=== Section Start ===
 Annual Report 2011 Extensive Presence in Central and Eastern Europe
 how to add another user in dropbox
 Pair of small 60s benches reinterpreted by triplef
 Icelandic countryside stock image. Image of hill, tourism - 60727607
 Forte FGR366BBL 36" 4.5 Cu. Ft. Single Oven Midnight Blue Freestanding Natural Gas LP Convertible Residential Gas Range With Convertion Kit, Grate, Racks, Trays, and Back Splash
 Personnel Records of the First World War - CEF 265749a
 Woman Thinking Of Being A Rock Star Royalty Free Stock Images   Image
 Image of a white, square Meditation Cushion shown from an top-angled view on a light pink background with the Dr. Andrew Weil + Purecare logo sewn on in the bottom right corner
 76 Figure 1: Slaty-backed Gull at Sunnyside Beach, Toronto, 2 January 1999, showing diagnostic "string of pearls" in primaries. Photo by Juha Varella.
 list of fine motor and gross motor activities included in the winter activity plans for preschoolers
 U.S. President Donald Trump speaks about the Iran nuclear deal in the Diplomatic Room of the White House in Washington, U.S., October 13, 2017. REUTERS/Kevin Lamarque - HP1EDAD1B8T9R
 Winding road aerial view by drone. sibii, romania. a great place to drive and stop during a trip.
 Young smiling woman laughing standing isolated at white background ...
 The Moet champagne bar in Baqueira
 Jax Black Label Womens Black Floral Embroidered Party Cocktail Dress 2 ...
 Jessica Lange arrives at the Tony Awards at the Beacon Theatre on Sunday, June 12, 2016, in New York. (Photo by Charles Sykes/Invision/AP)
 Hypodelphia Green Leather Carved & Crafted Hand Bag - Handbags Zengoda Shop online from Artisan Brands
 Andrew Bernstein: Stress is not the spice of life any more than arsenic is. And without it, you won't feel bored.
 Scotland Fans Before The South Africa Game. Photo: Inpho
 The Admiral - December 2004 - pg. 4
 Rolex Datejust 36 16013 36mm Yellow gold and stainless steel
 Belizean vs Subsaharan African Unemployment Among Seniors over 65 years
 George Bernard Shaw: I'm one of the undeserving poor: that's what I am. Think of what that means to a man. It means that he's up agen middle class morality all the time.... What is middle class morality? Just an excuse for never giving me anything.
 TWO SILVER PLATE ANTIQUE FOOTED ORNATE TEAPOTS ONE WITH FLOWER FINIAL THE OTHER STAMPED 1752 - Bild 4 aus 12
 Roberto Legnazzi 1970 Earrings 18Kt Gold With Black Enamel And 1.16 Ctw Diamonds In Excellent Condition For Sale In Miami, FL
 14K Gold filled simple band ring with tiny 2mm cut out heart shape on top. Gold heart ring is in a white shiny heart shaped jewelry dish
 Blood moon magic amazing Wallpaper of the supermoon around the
=== Section End ===
● Task directions: Within the material above, output exactly the lines from the one with "and Back Splash" through the one with "Winding road aerial", end lines included, and nothing besides.

● Response area:
 Forte FGR366BBL 36" 4.5 Cu. Ft. Single Oven Midnight Blue Freestanding Natural Gas LP Convertible Residential Gas Range With Convertion Kit, Grate, Racks, Trays, and Back Splash
 Personnel Records of the First World War - CEF 265749a
 Woman Thinking Of Being A Rock Star Royalty Free Stock Images   Image
 Image of a white, square Meditation Cushion shown from an top-angled view on a light pink background with the Dr. Andrew Weil + Purecare logo sewn on in the bottom right corner
 76 Figure 1: Slaty-backed Gull at Sunnyside Beach, Toronto, 2 January 1999, showing diagnostic "string of pearls" in primaries. Photo by Juha Varella.
 list of fine motor and gross motor activities included in the winter activity plans for preschoolers
 U.S. President Donald Trump speaks about the Iran nuclear deal in the Diplomatic Room of the White House in Washington, U.S., October 13, 2017. REUTERS/Kevin Lamarque - HP1EDAD1B8T9R
 Winding road aerial view by drone. sibii, romania. a great place to drive and stop during a trip.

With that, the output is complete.